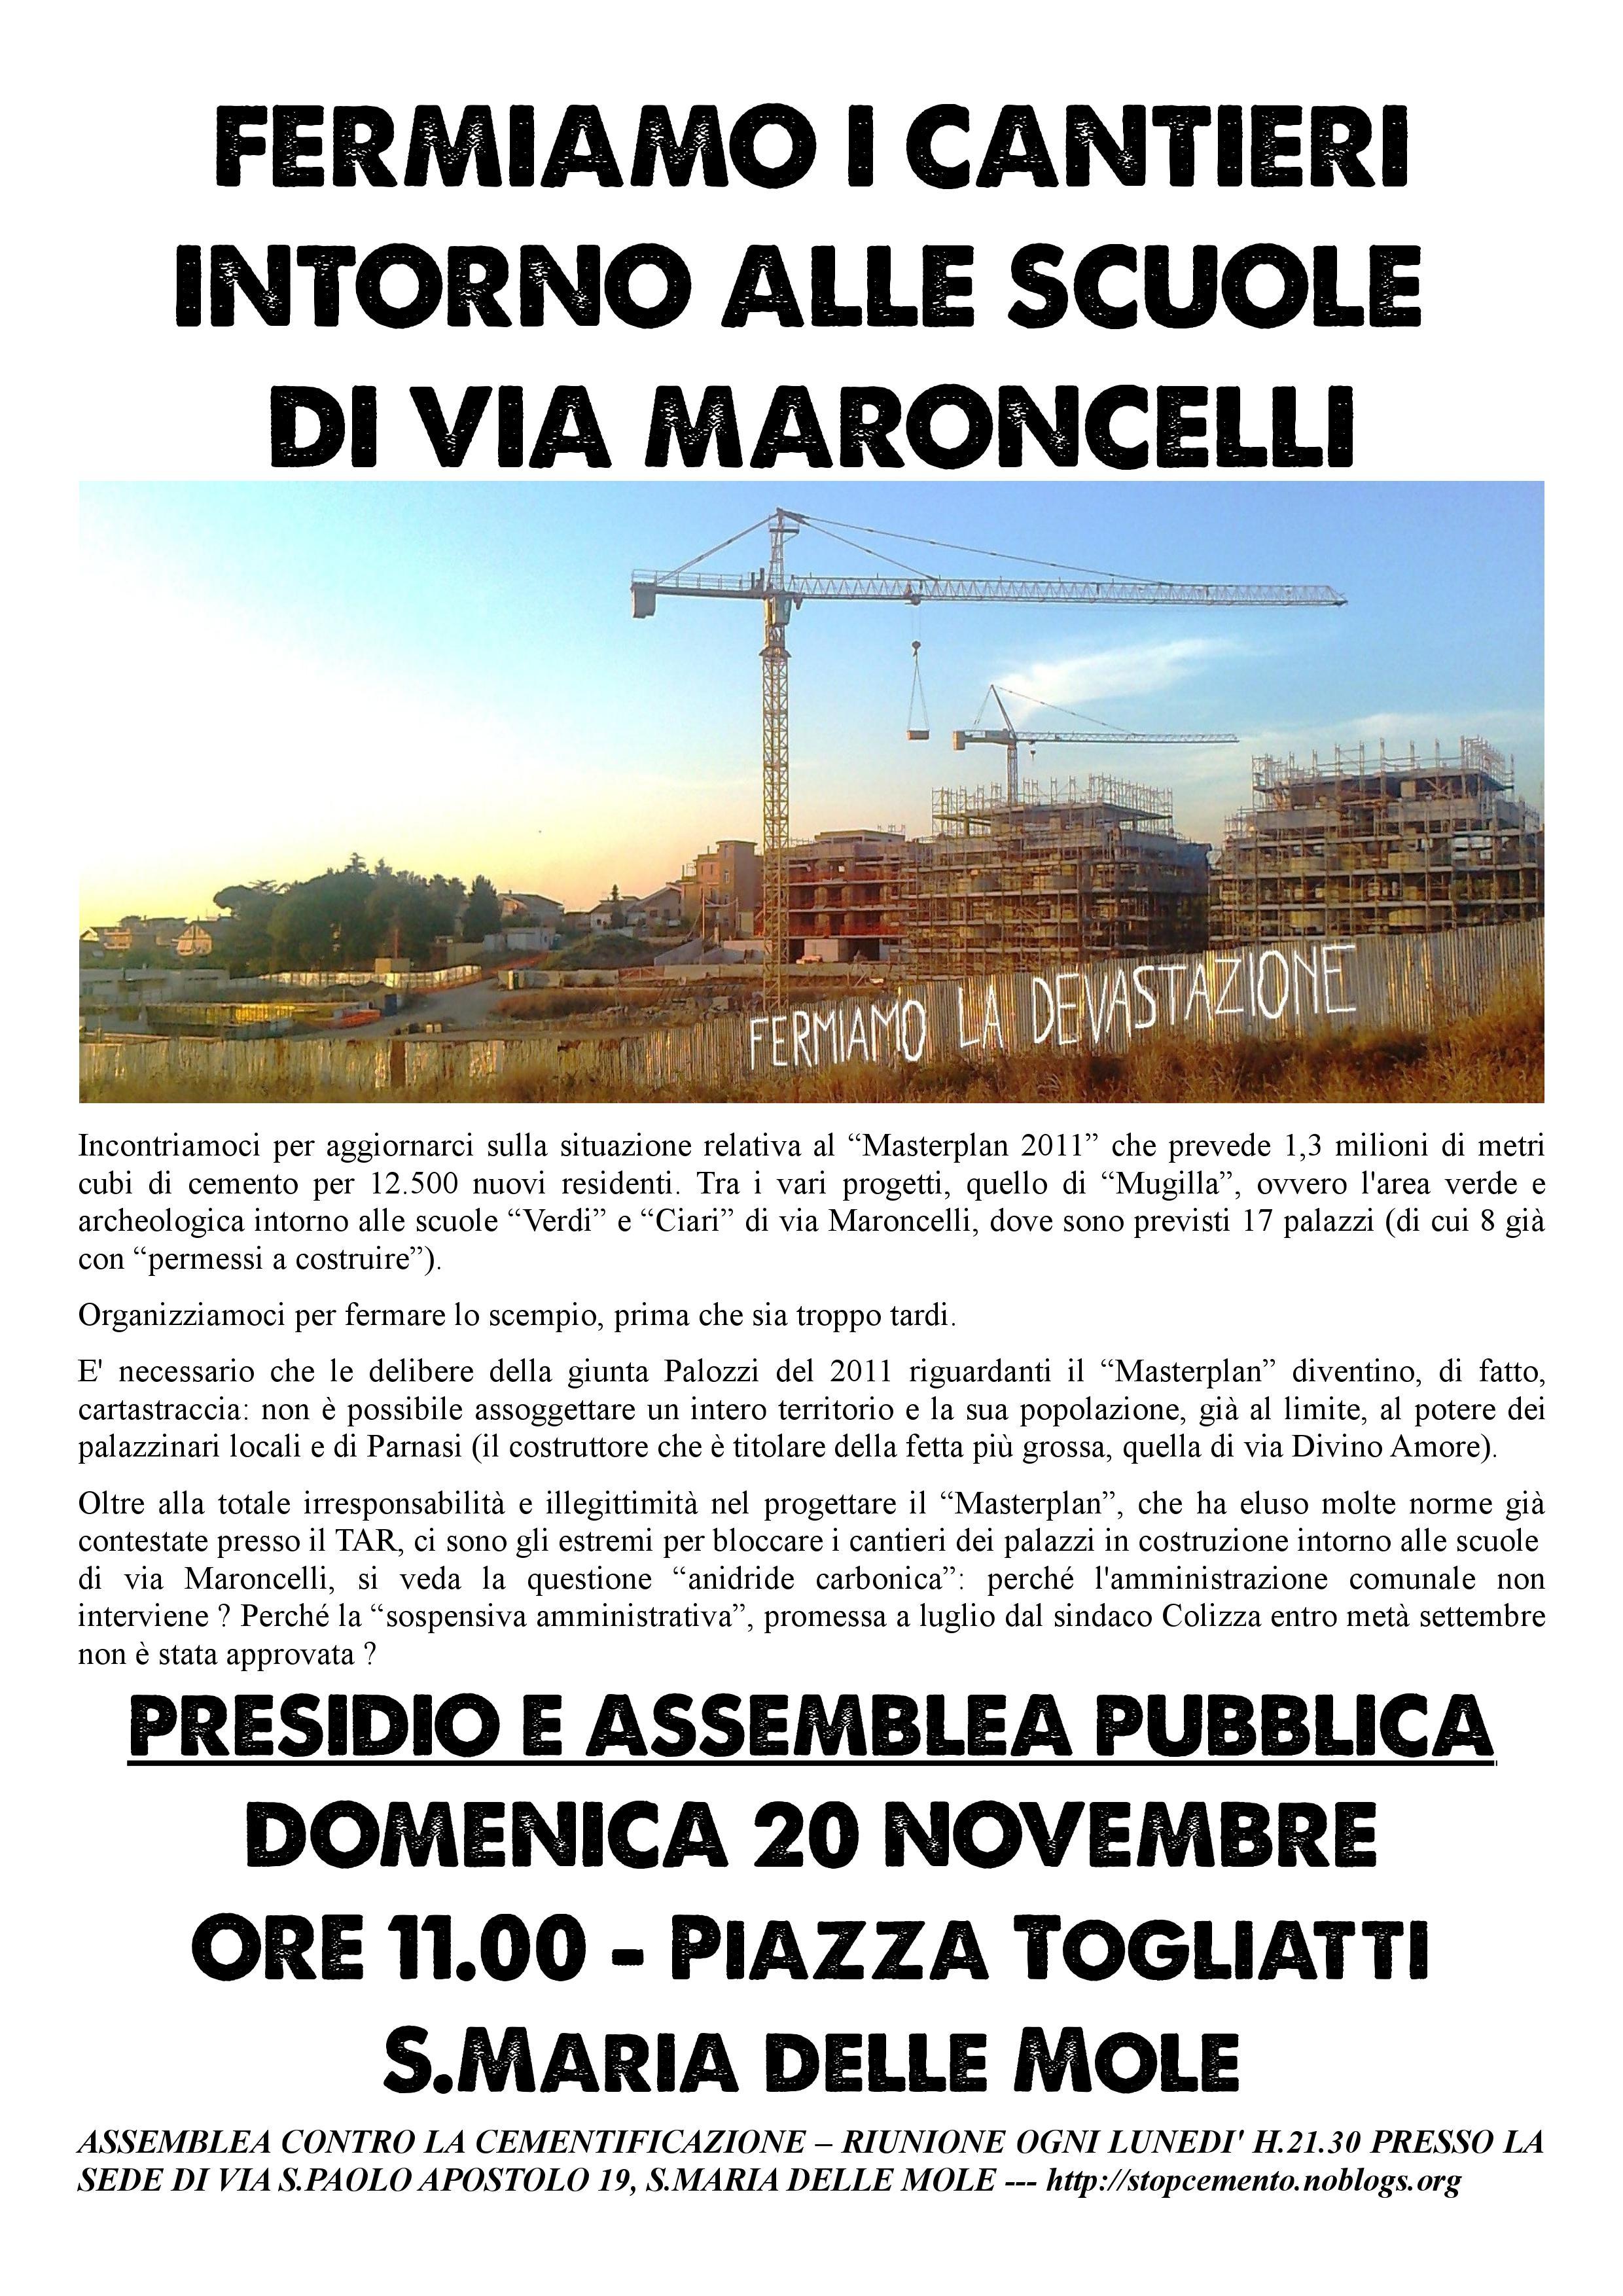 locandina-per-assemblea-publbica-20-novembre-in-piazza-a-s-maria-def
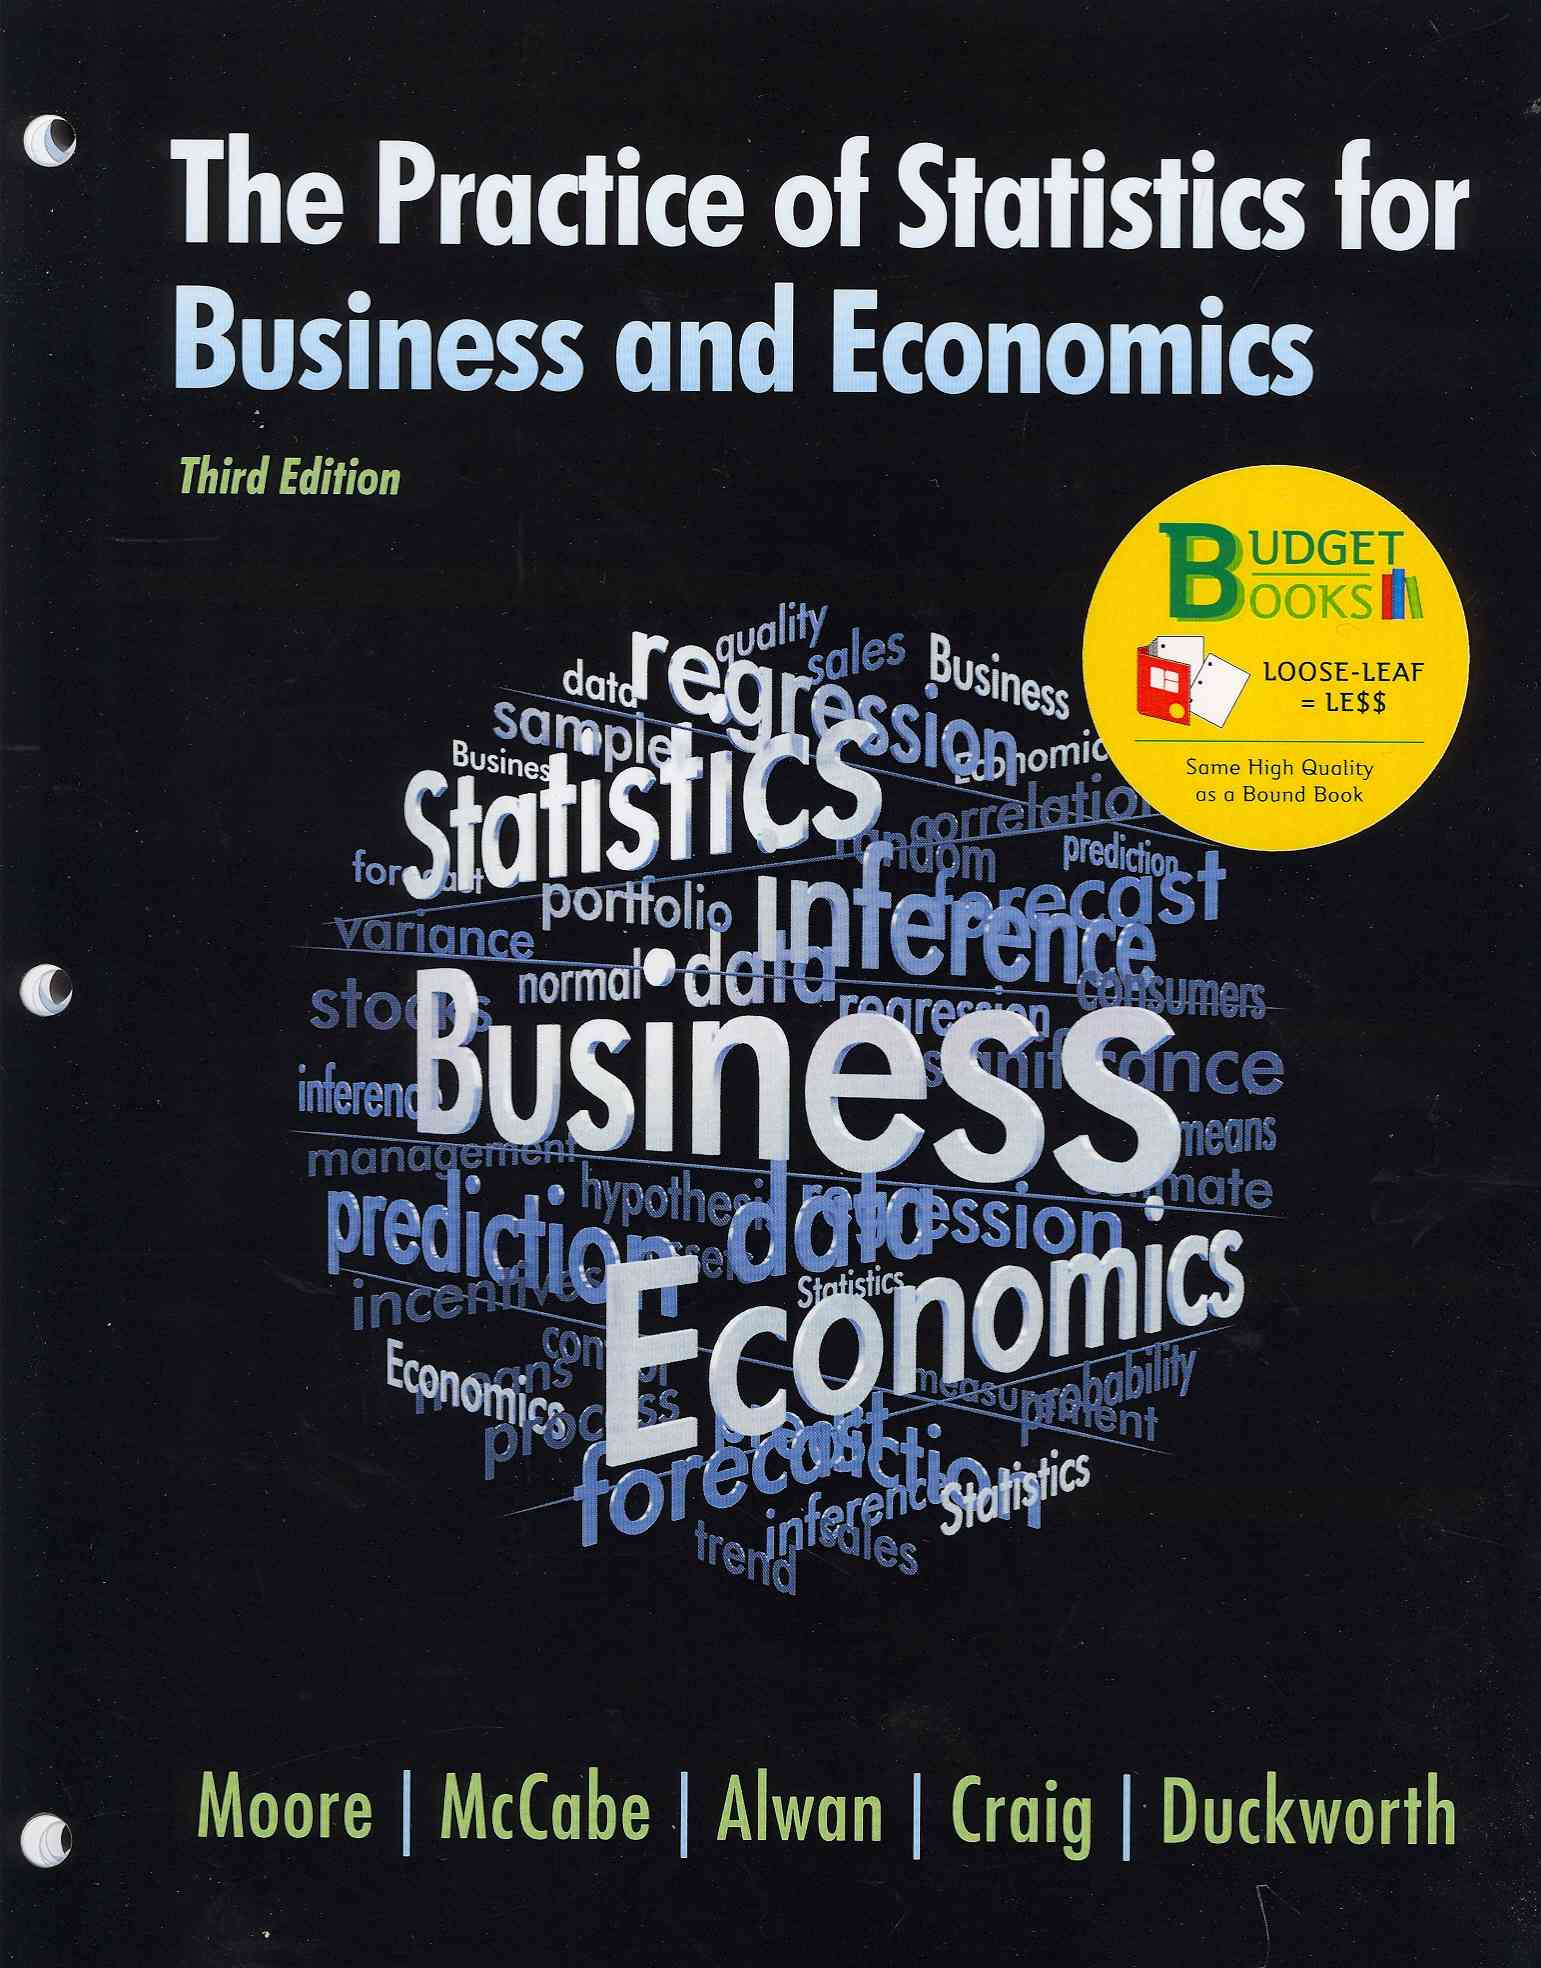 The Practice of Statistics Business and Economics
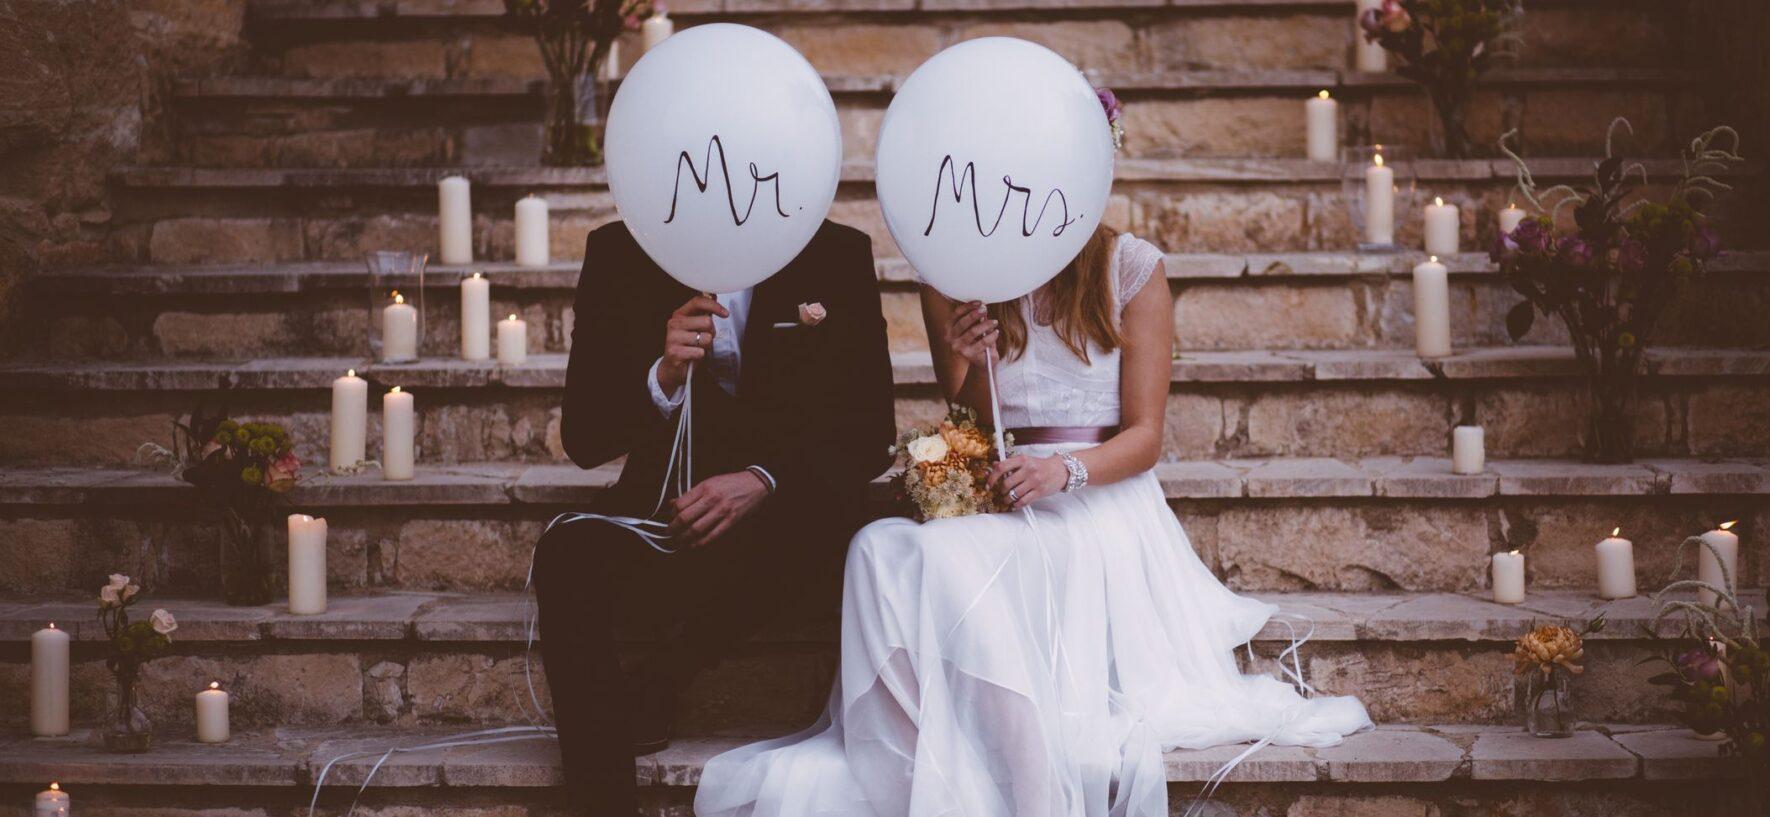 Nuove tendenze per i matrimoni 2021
===============
From the first line to the last, output the data exactly; skip any pictures.

● **Result below**:
 locandina-per-assemblea-publbica-20-novembre-in-piazza-a-s-maria-def
 The Practice of Statistics Business and Economics
 Nuove tendenze per i matrimoni 2021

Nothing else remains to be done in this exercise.